---------- RECORDED INFORMATION
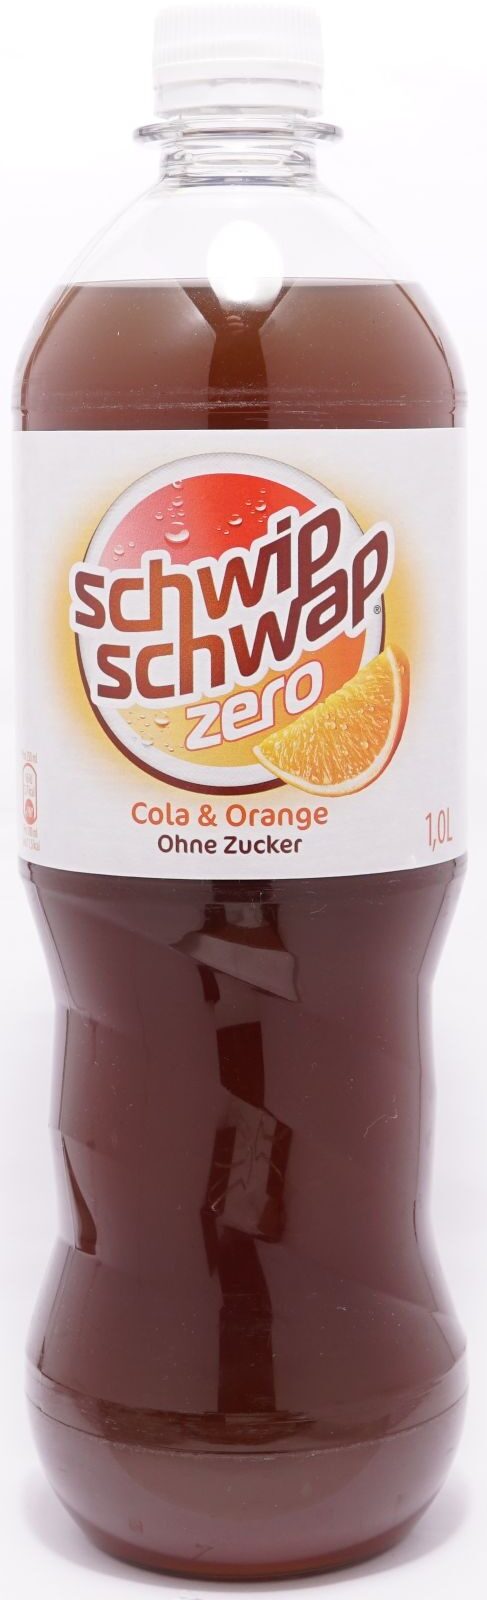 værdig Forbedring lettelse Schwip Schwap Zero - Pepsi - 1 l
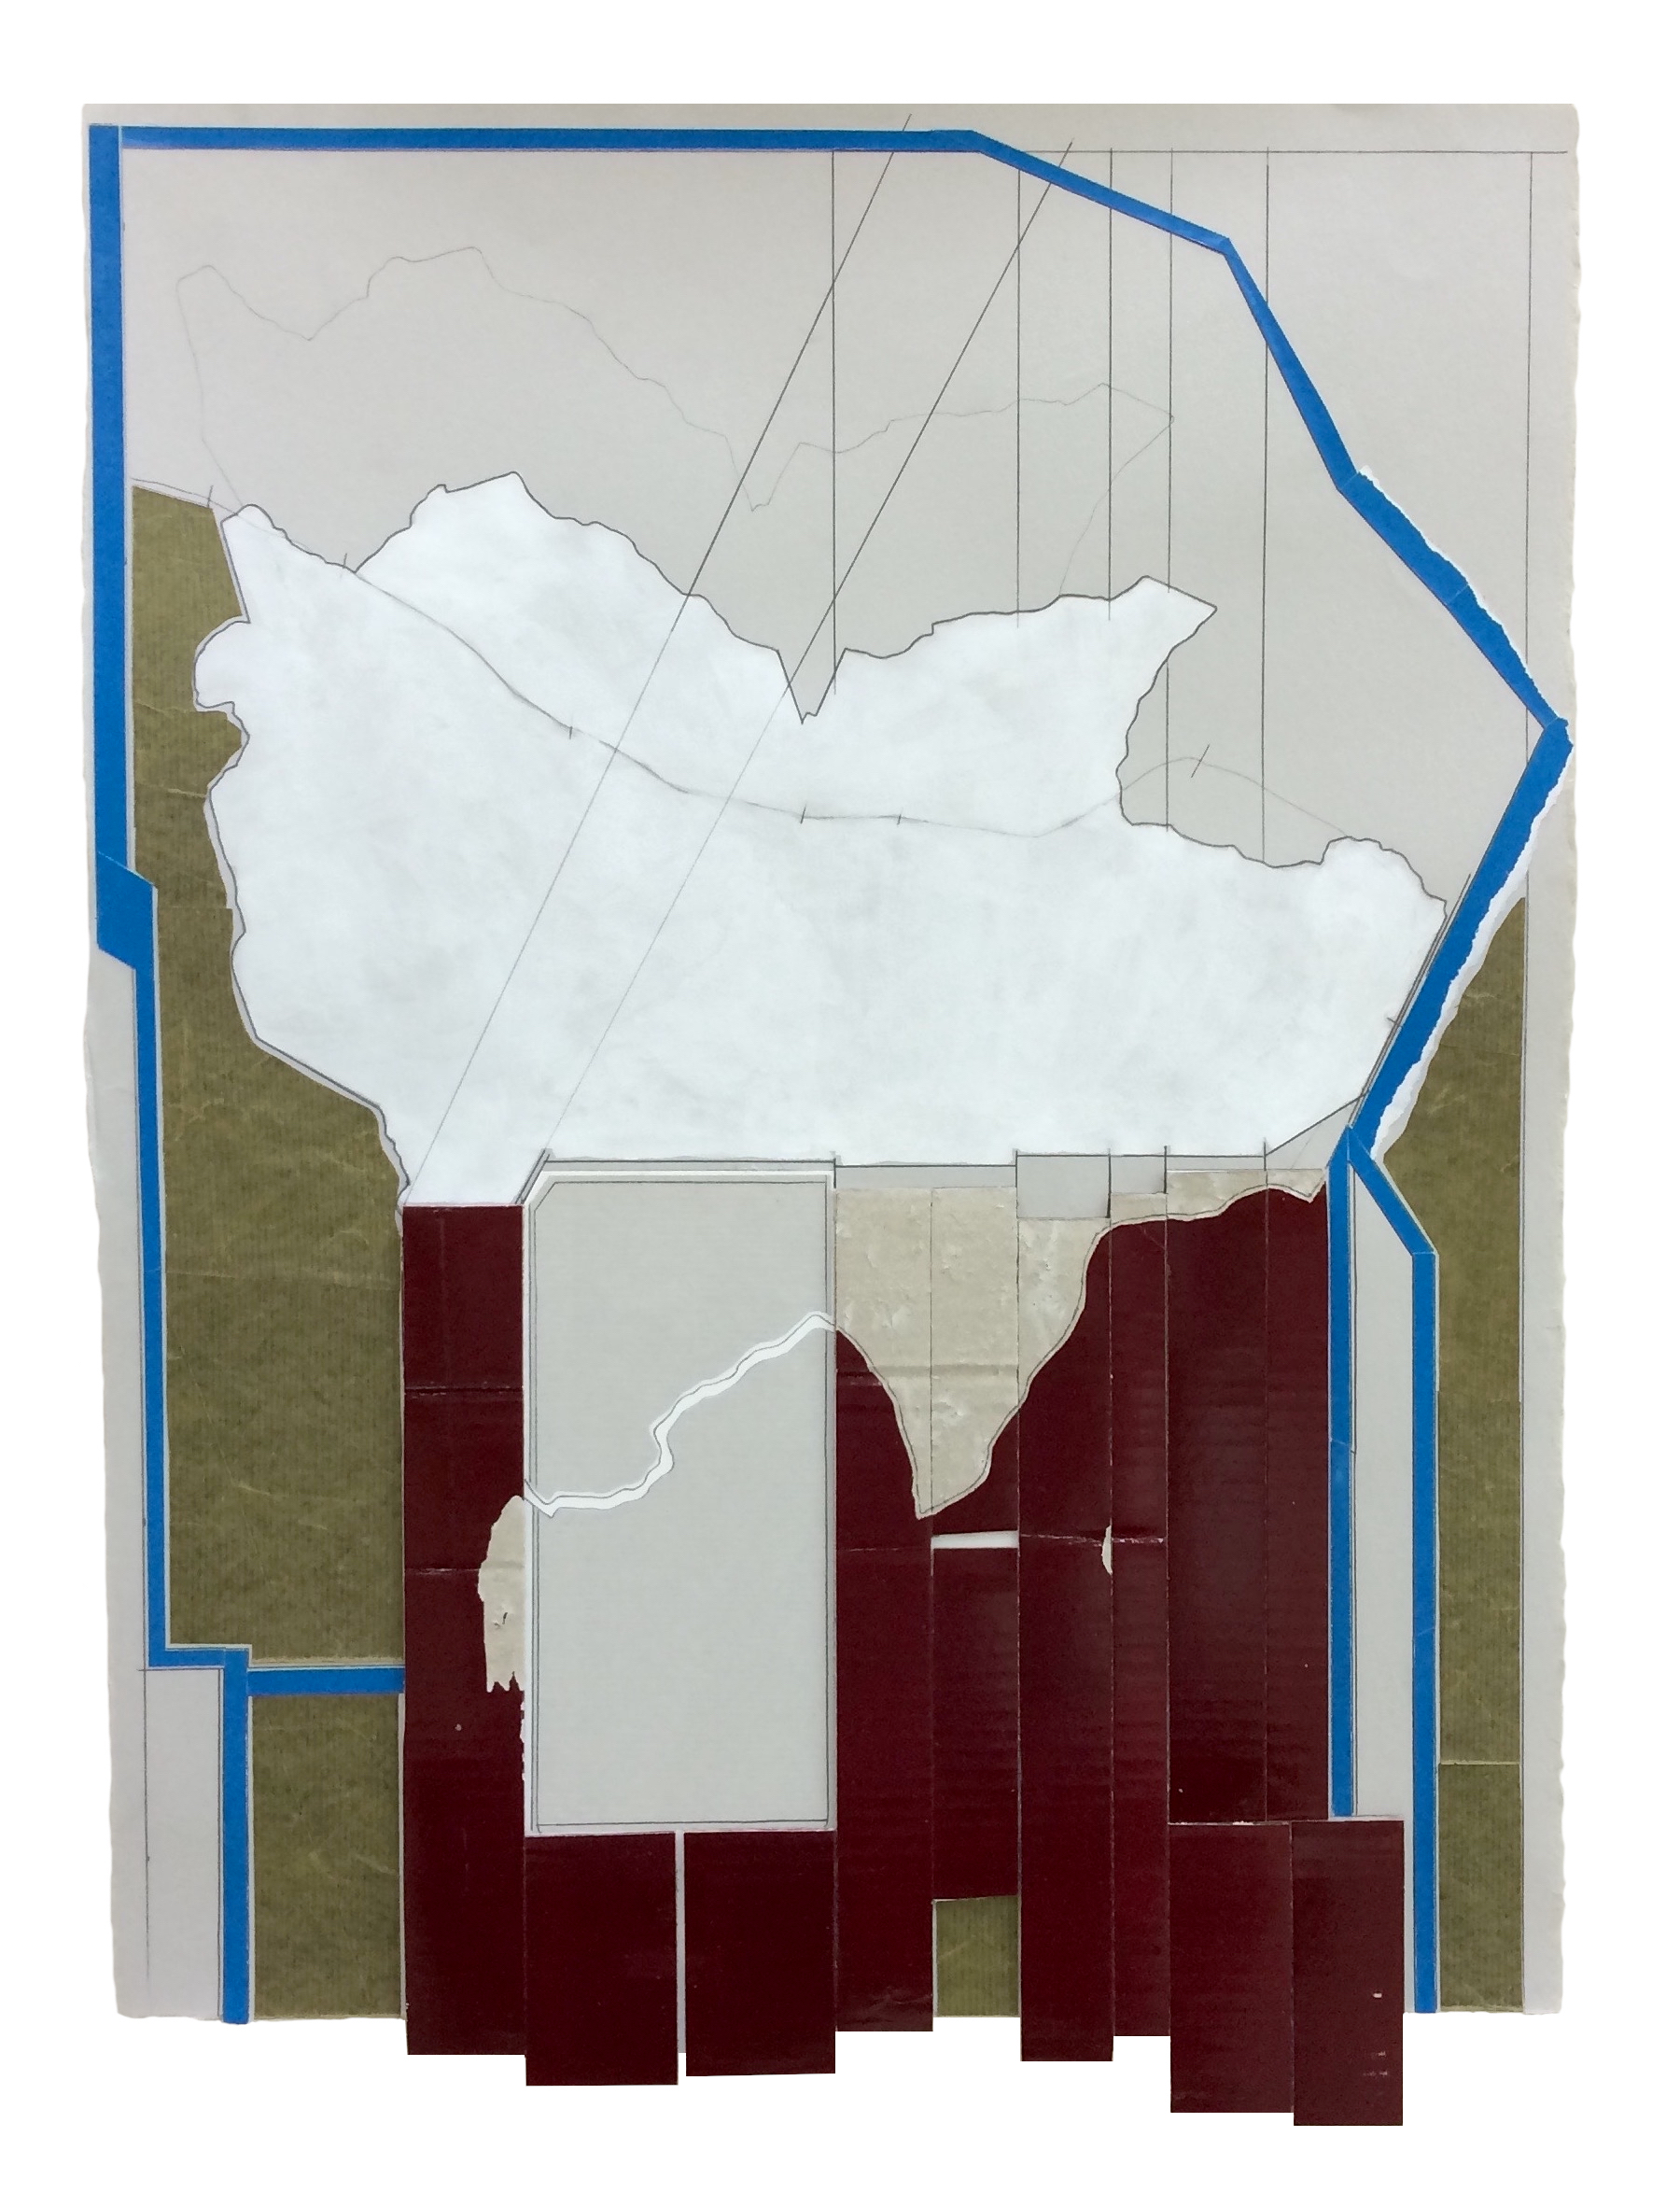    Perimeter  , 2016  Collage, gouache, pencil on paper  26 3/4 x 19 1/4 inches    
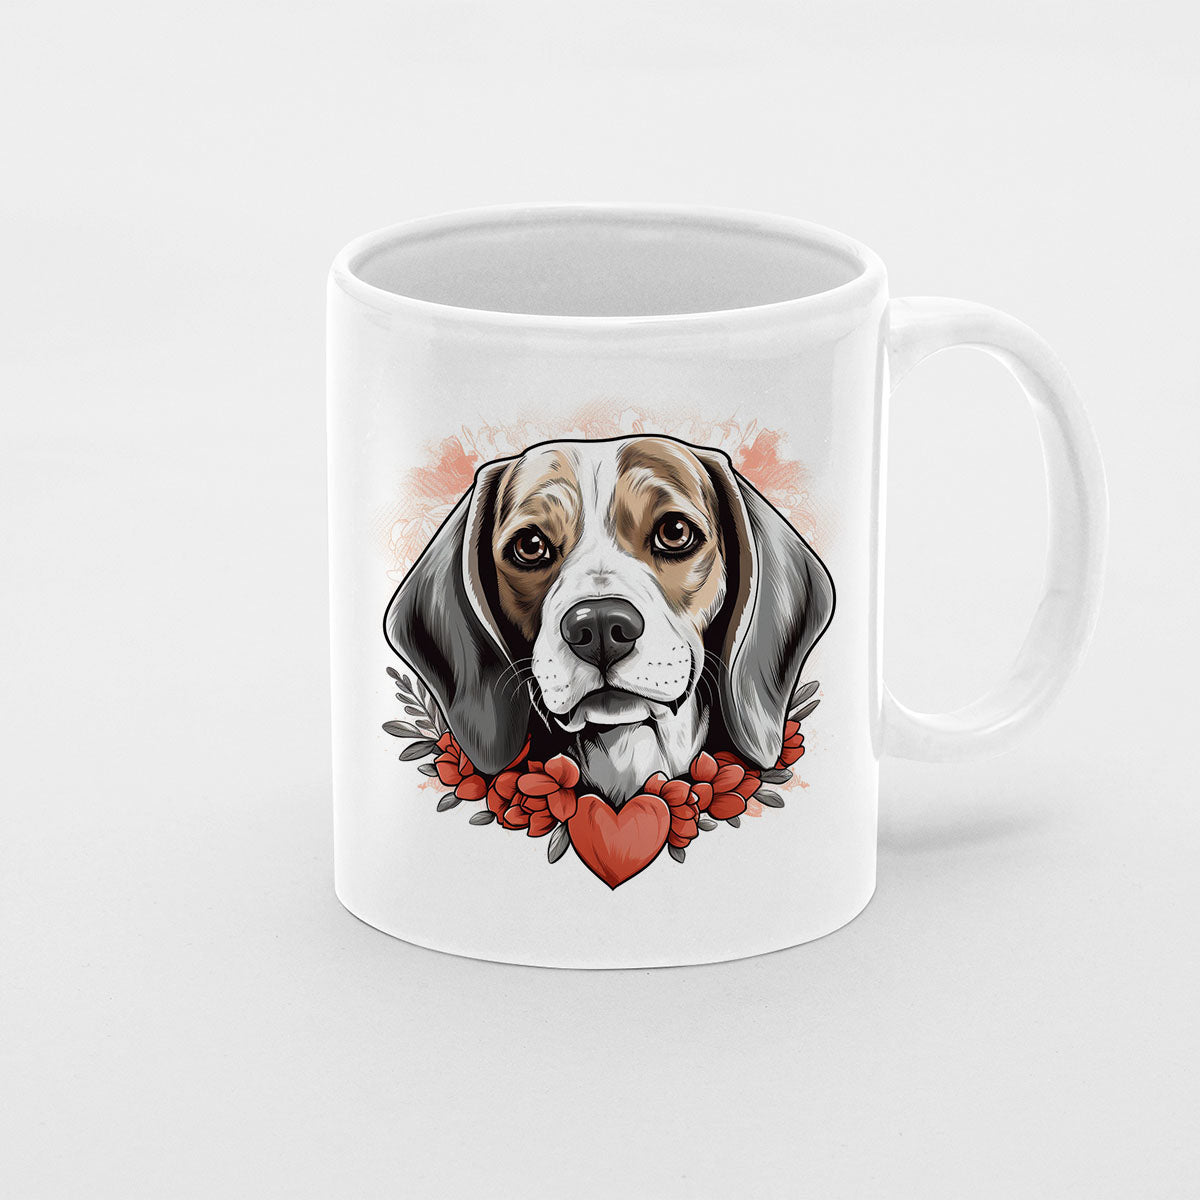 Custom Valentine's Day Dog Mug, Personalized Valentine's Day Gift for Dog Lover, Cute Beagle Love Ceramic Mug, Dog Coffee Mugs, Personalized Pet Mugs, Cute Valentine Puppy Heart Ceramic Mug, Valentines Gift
--------------------
Return only what lies between the line containing "19 1/4 inches" and the last line of the listing, those two lines included, exactly as written and with no pictures.

ANSWER SPACE:
    Perimeter  , 2016  Collage, gouache, pencil on paper  26 3/4 x 19 1/4 inches    
 Custom Valentine's Day Dog Mug, Personalized Valentine's Day Gift for Dog Lover, Cute Beagle Love Ceramic Mug, Dog Coffee Mugs, Personalized Pet Mugs, Cute Valentine Puppy Heart Ceramic Mug, Valentines Gift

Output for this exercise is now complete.